» Task instructions
Leave every picture out, then reproduce the rest of the listing exactly.

» Data extract

+--

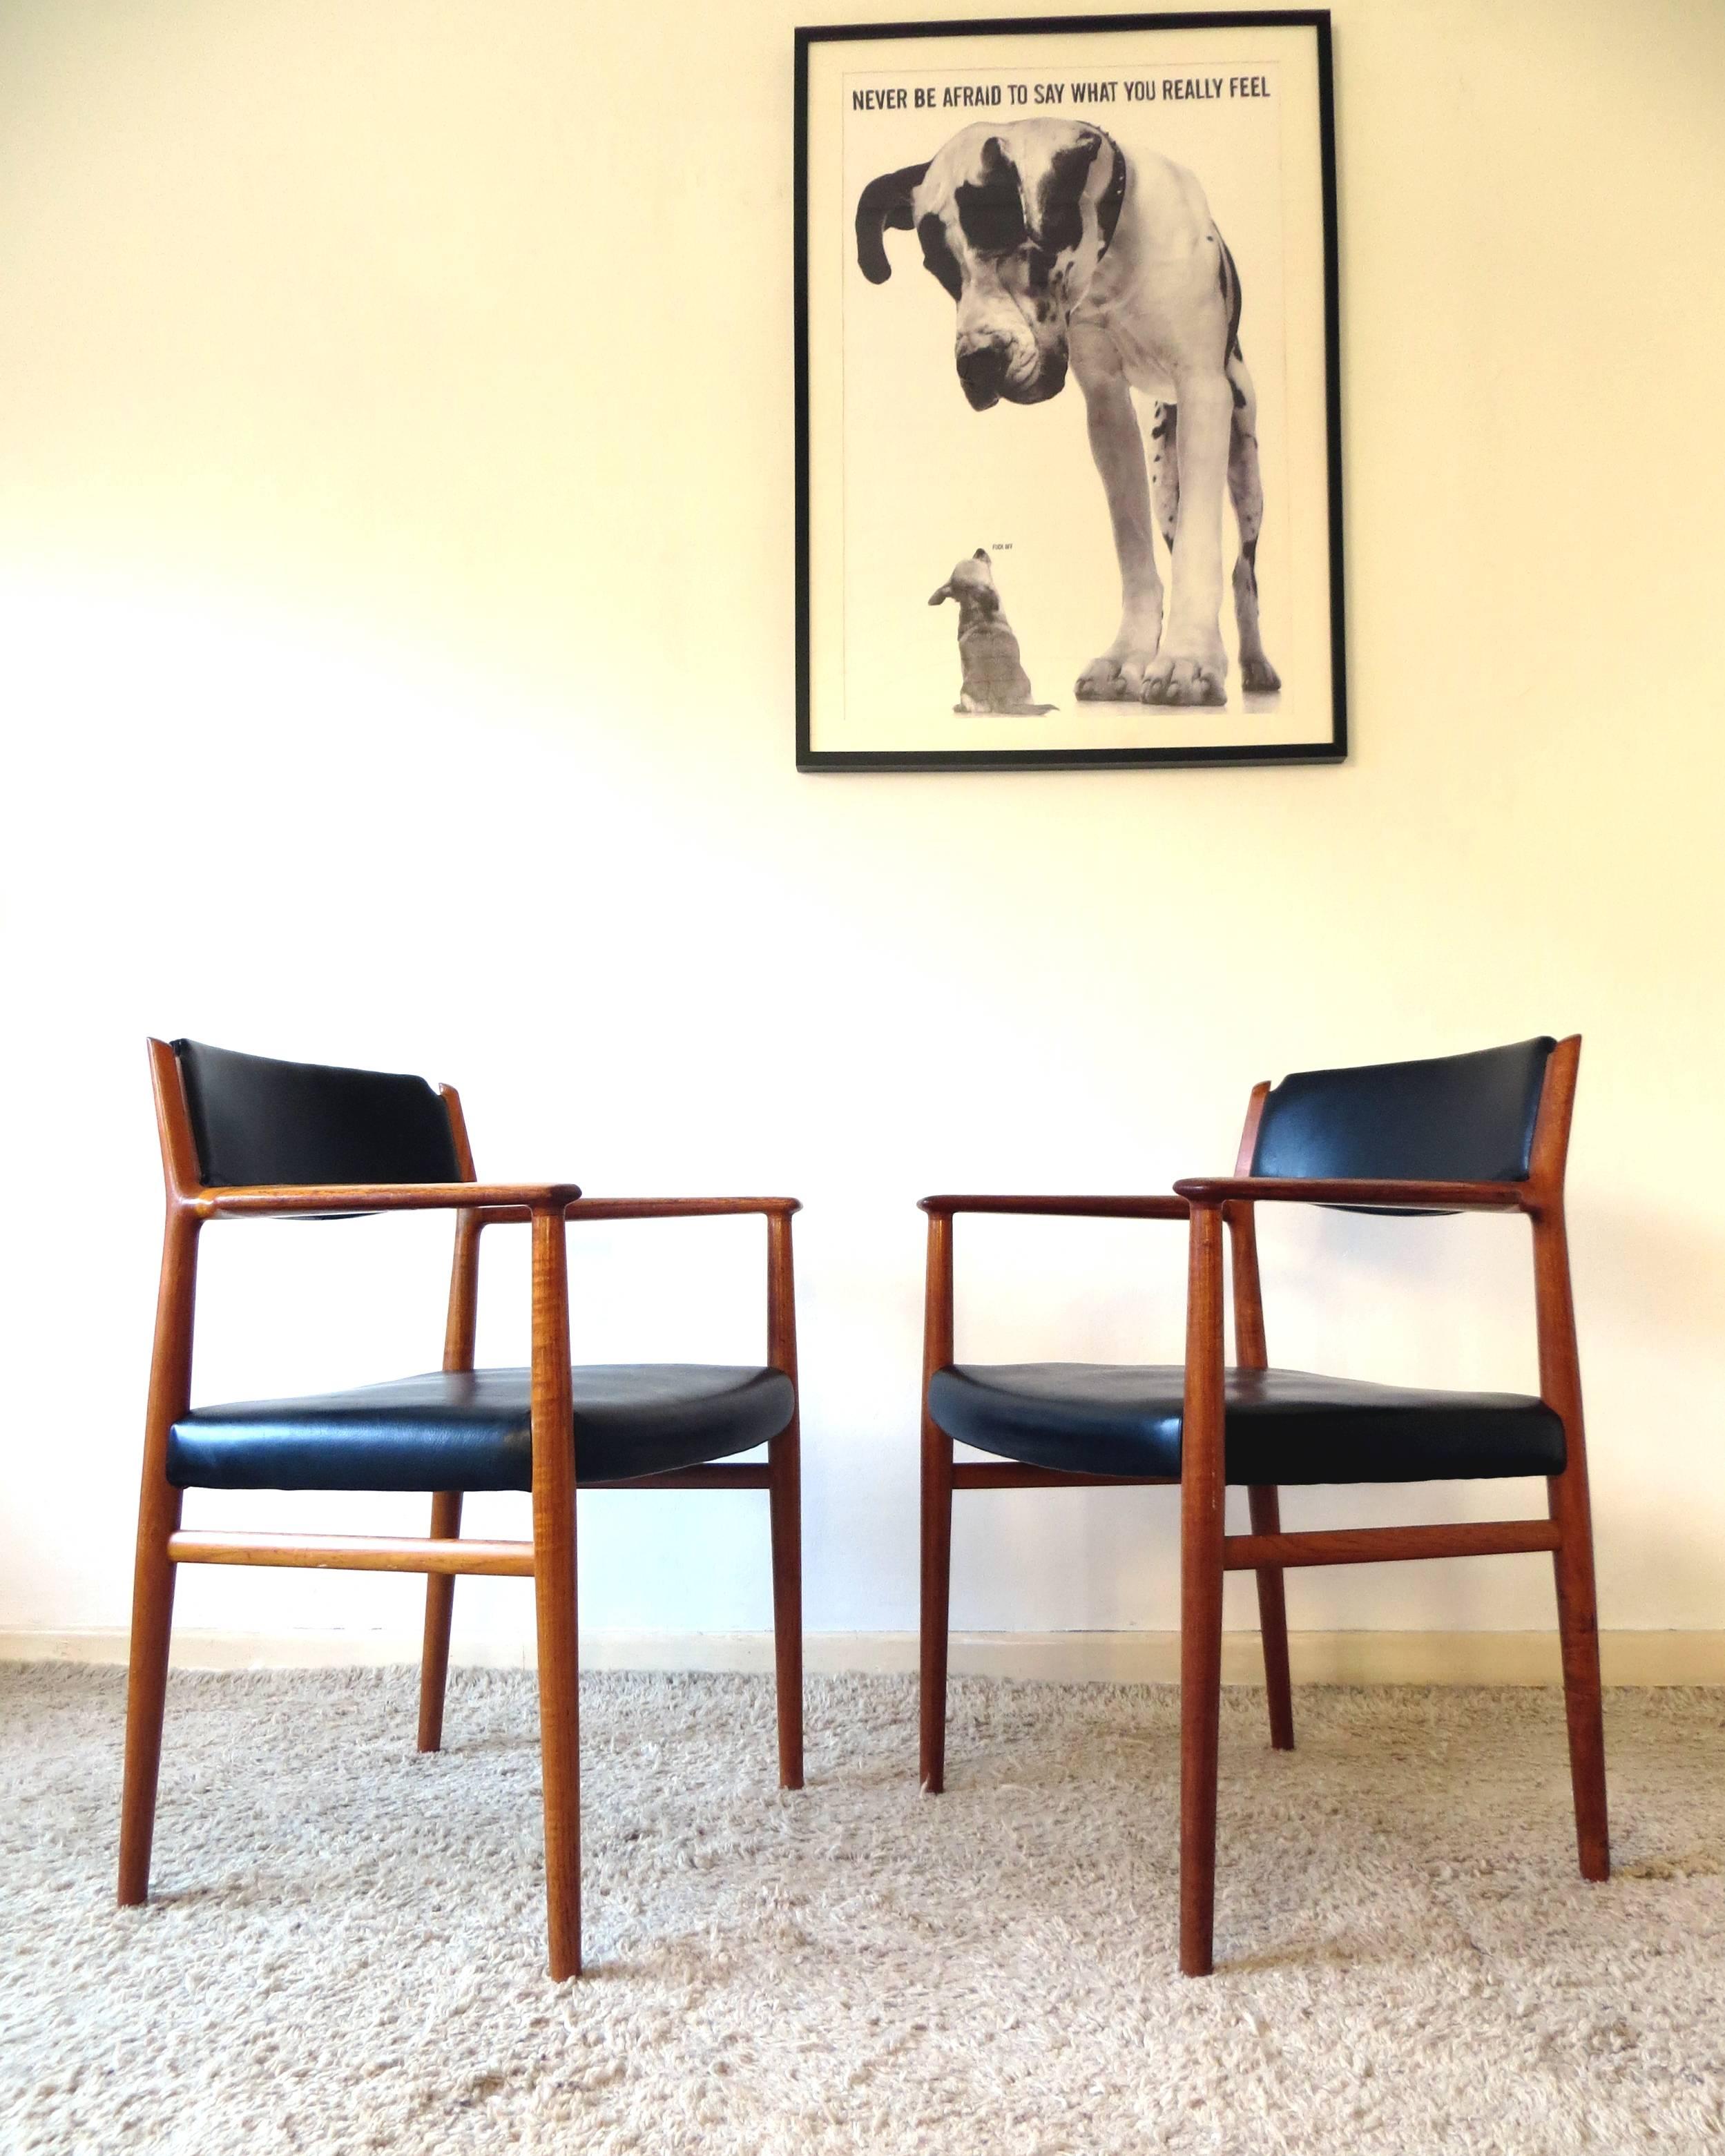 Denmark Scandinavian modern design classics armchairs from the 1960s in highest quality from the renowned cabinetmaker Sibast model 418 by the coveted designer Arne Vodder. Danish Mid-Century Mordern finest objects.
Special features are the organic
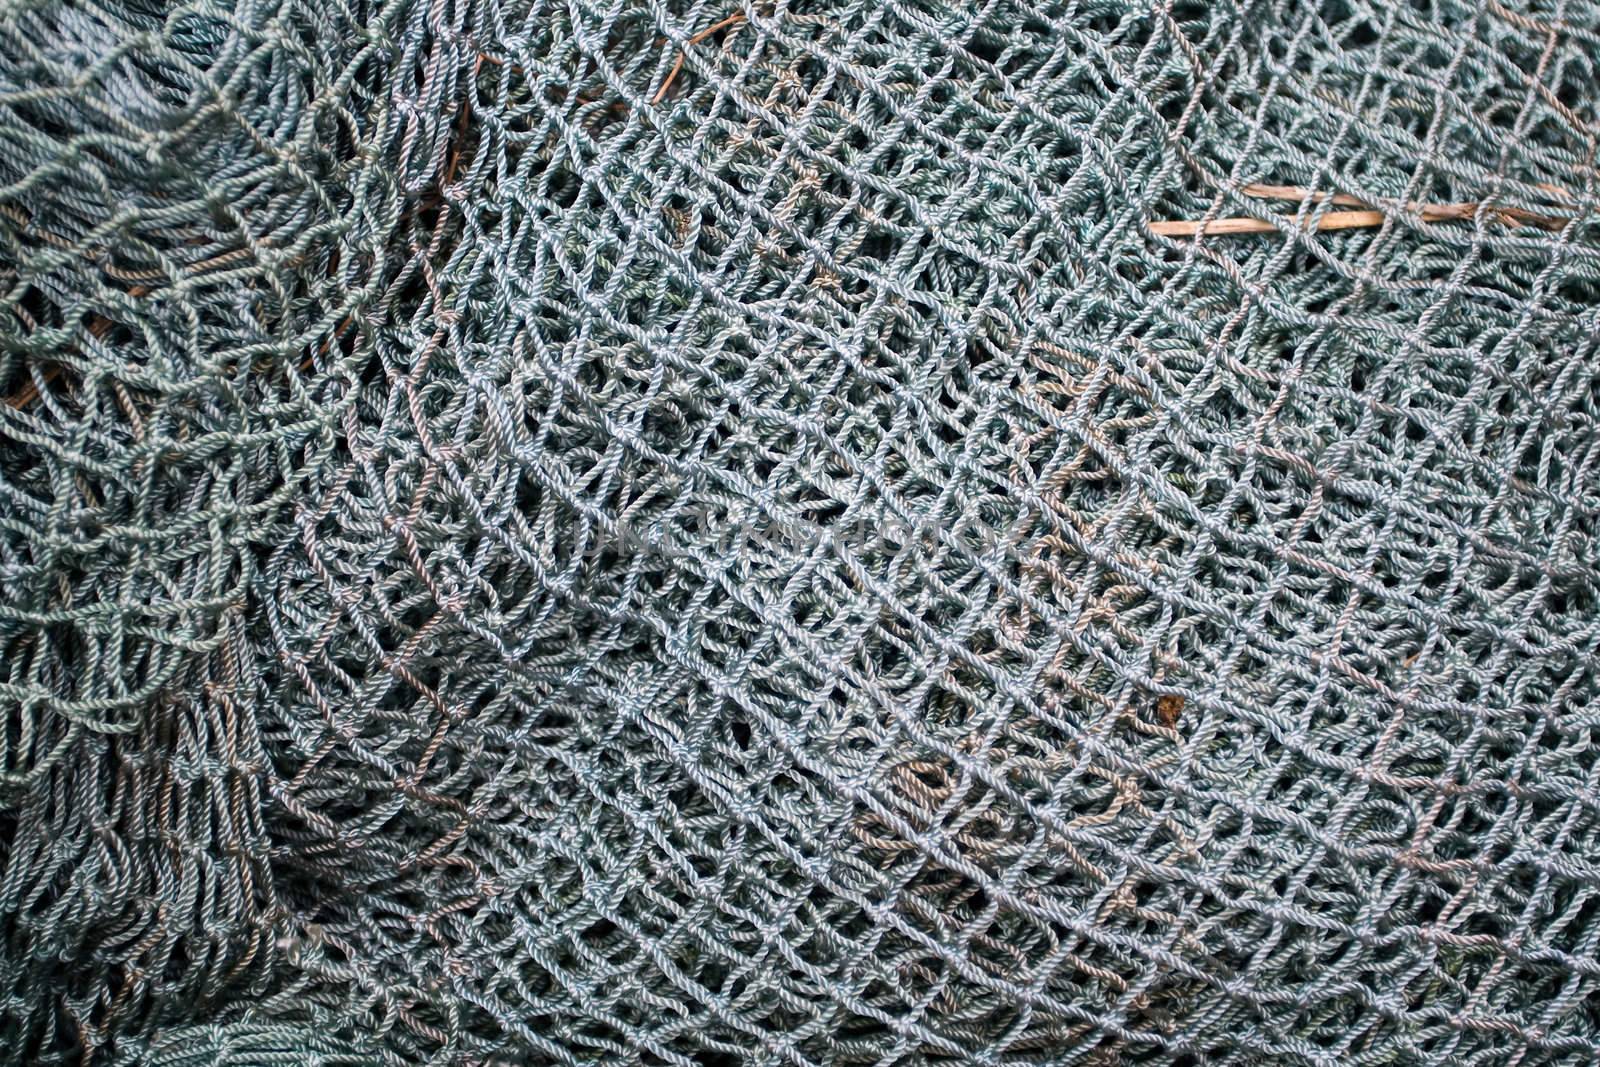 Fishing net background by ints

+--

» Task answer
 Denmark Scandinavian modern design classics armchairs from the 1960s in highest quality from the renowned cabinetmaker Sibast model 418 by the coveted designer Arne Vodder. Danish Mid-Century Mordern finest objects.
Special features are the organic
 Fishing net background by ints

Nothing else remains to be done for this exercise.